This article outlines the administration of solvent and insolvent estates, including:

  • identifying executors and administrators as personal representatives, when their authority arises, and their core fiduciary duties.
  • applying statutory and common-law powers of personal representatives to collect, manage, invest, and distribute estate assets lawfully.
  • distinguishing solvent from insolvent estates and determining whether all funeral, testamentary, administration expenses, and debts can be paid.
  • following the statutory order for the incidence of liabilities in solvent estates, including secured debt treatment, exoneration, and abatement.
  • analysing when specific gifts, pecuniary legacies, and residue abate and how marshalling reallocates the burden of estate debts.
  • applying the insolvency priority rules to rank secured, preferential, unsecured, and deferred creditors in an insolvent estate.
  • evaluating the consequences of misapplication of assets, premature distribution, and misadministration for personal representatives and beneficiaries.
  • using statutory advertisements, court applications, and practical safeguards to manage creditor claims and minimise personal liability risk.
  • integrating these rules to construct structured, statute-based answers to SQE1 problem questions on estate administration.

SQE1 Syllabus

For SQE1, you are required to understand the administration of estates, including the rules applicable to solvent and insolvent estates, with a focus on the following syllabus points:

  • duties and powers of personal representatives (executors and administrators), including the duty of care under Trustee Act 2000 and key administrative powers
  • order of application of assets for debts and expenses in solvent estates (Administration of Estates Act 1925)
  • priority of debts and liabilities in insolvent estates (Insolvency Act 1986 and Administration of Insolvent Estates of Deceased Persons Order 1986)
  • secured debts, exoneration, abatement of legacies, and marshalling
  • creditor claims and protections for PRs, including statutory advertisements and Benjamin orders
  • consequences for beneficiaries where estates are insolvent or misdistributed
  • relevant procedural rules and statutes governing estate administration

Test Your Knowledge

Attempt these questions before reading this article. If you find some difficult or cannot remember the answers, remember to look more closely at that area during your revision.

  1. What is the statutory order for applying assets to pay debts and expenses in a solvent estate?
  2. What is the effect on beneficiaries if an estate is insolvent?
  3. Who is responsible for administering an estate and what are their primary duties?
  4. How are secured, preferential, and unsecured creditors treated in an insolvent estate?

Introduction

When a person dies, their property and liabilities must be managed and distributed according to law. The process of administering an estate is governed by statutory rules and the duties of personal representatives. It is essential to understand the differences between solvent and insolvent estates, the correct order for payment of expenses and debts, and the consequences for beneficiaries and creditors.

Key Term: personal representative
A person (executor or administrator) responsible for collecting, managing, and distributing the deceased’s estate in accordance with the law.

Duties and Powers of Personal Representatives

The administration of an estate is carried out by personal representatives (PRs)—either executors (appointed by will) or administrators (appointed by the court if there is no will or no executor able to act).
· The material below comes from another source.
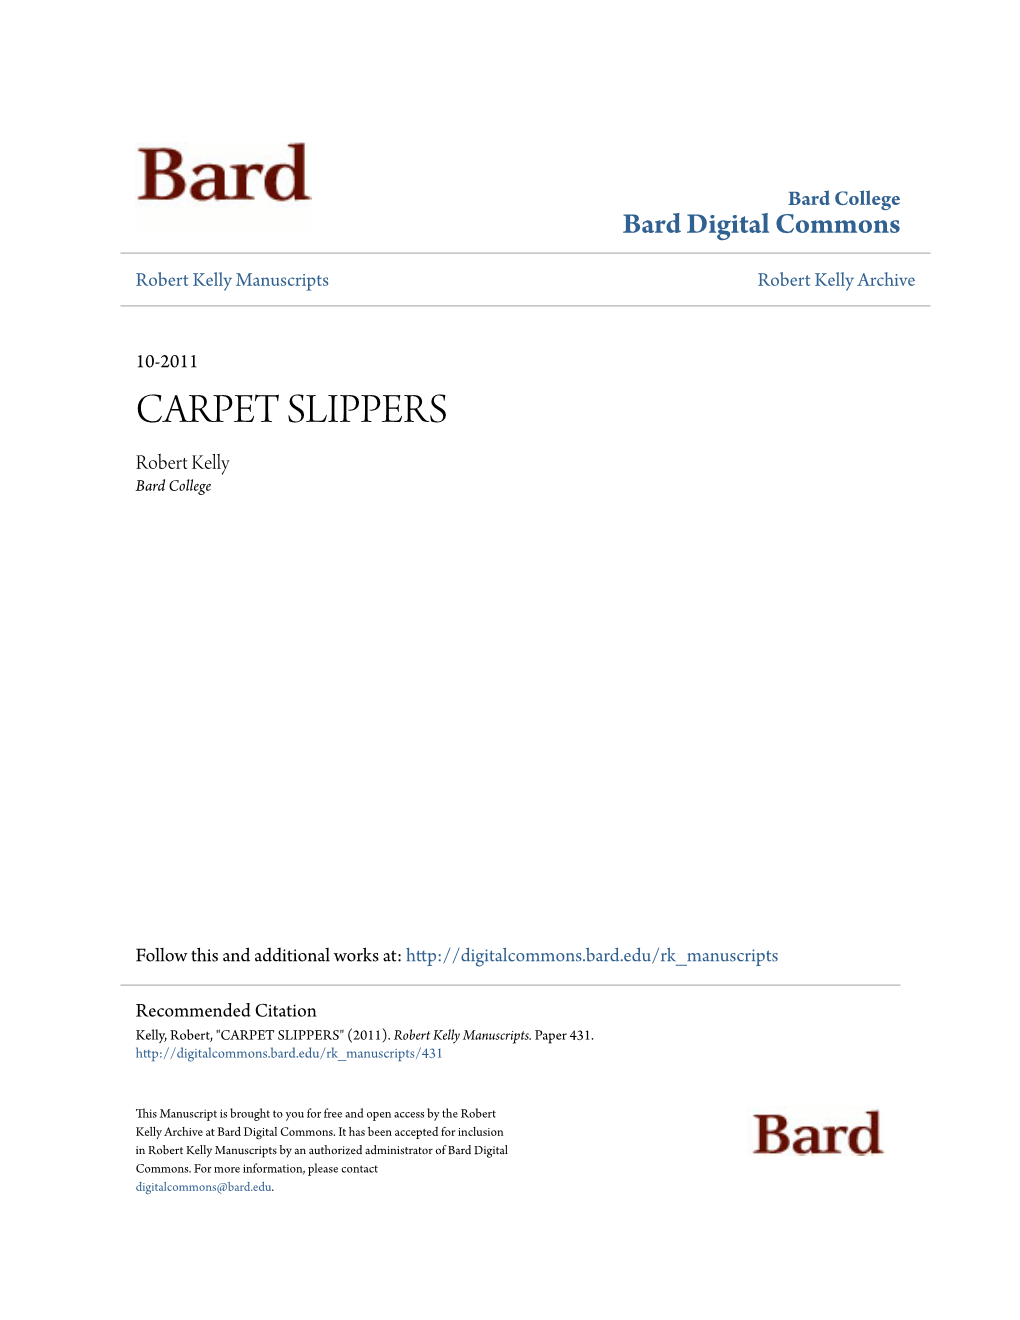 CARPET SLIPPERS Robert Kelly Bard College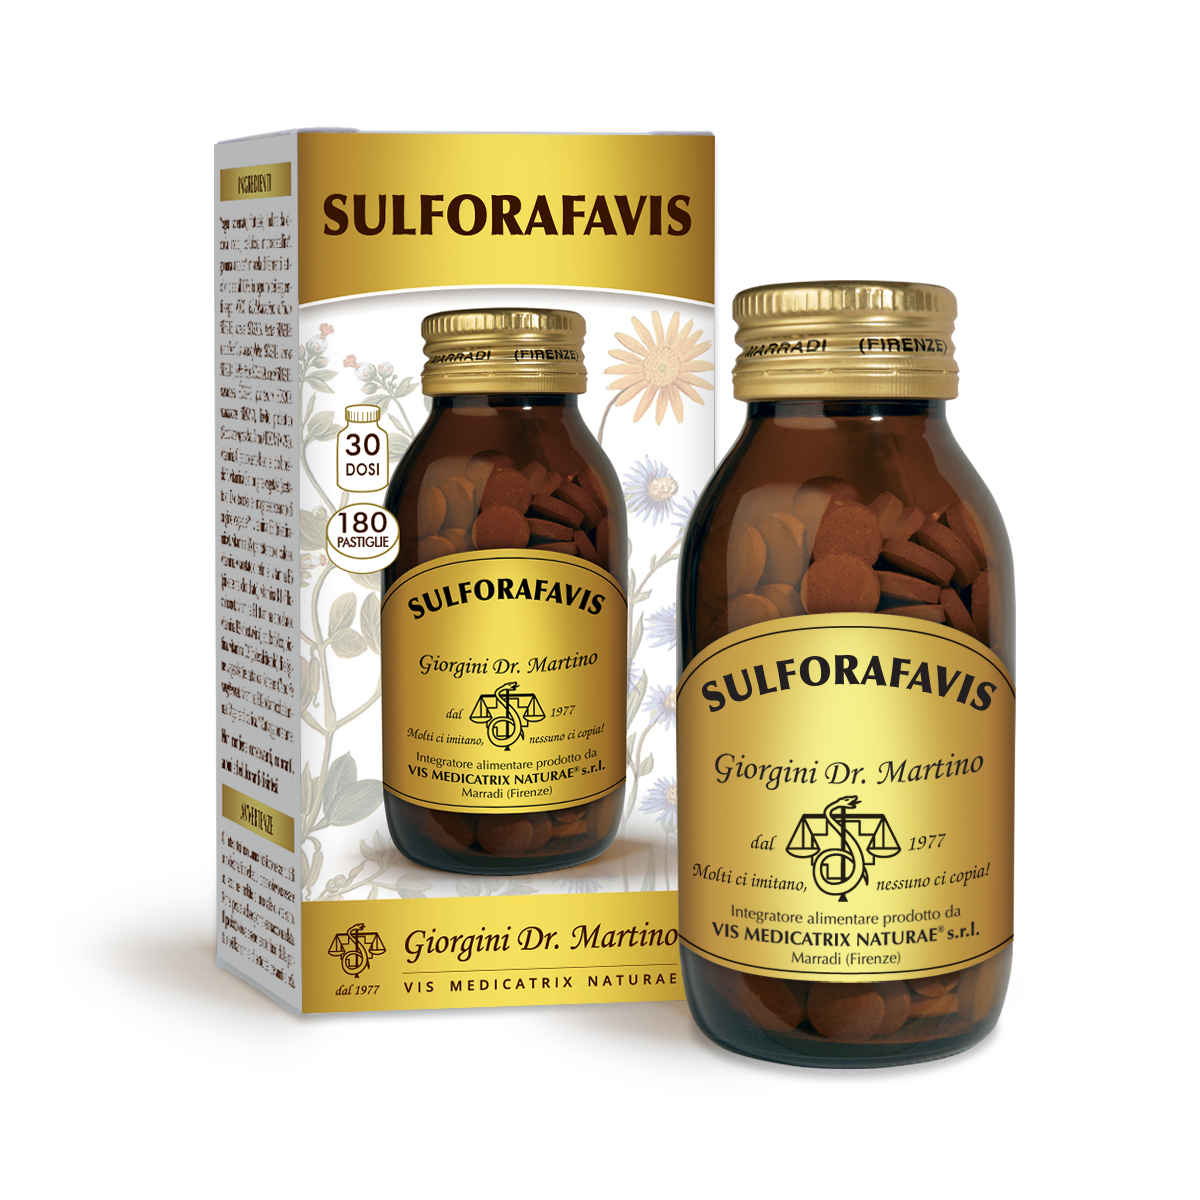 SULFORAFAVIS 90 g - 180 tablets of 500 mg each

Executors derive their authority from the will; administrators obtain authority only on grant of letters of administration. In practice, institutions will require production of an office copy grant to release or transfer assets.

PRs act in a fiduciary capacity and must act honestly, diligently, and in the best interests of the estate. The Trustee Act 2000 imposes a duty of reasonable care and skill (taking account of any specialist knowledge and whether PRs act in a professional capacity). Within a reasonable time (commonly referred to as the executor’s year), PRs should collect assets, pay funeral, testamentary, and administration expenses and debts, and then distribute legacies and residue.

Key Term: executor’s year
The conventional period of 12 months from death within which PRs are expected to collect, administer, and be ready to distribute the estate.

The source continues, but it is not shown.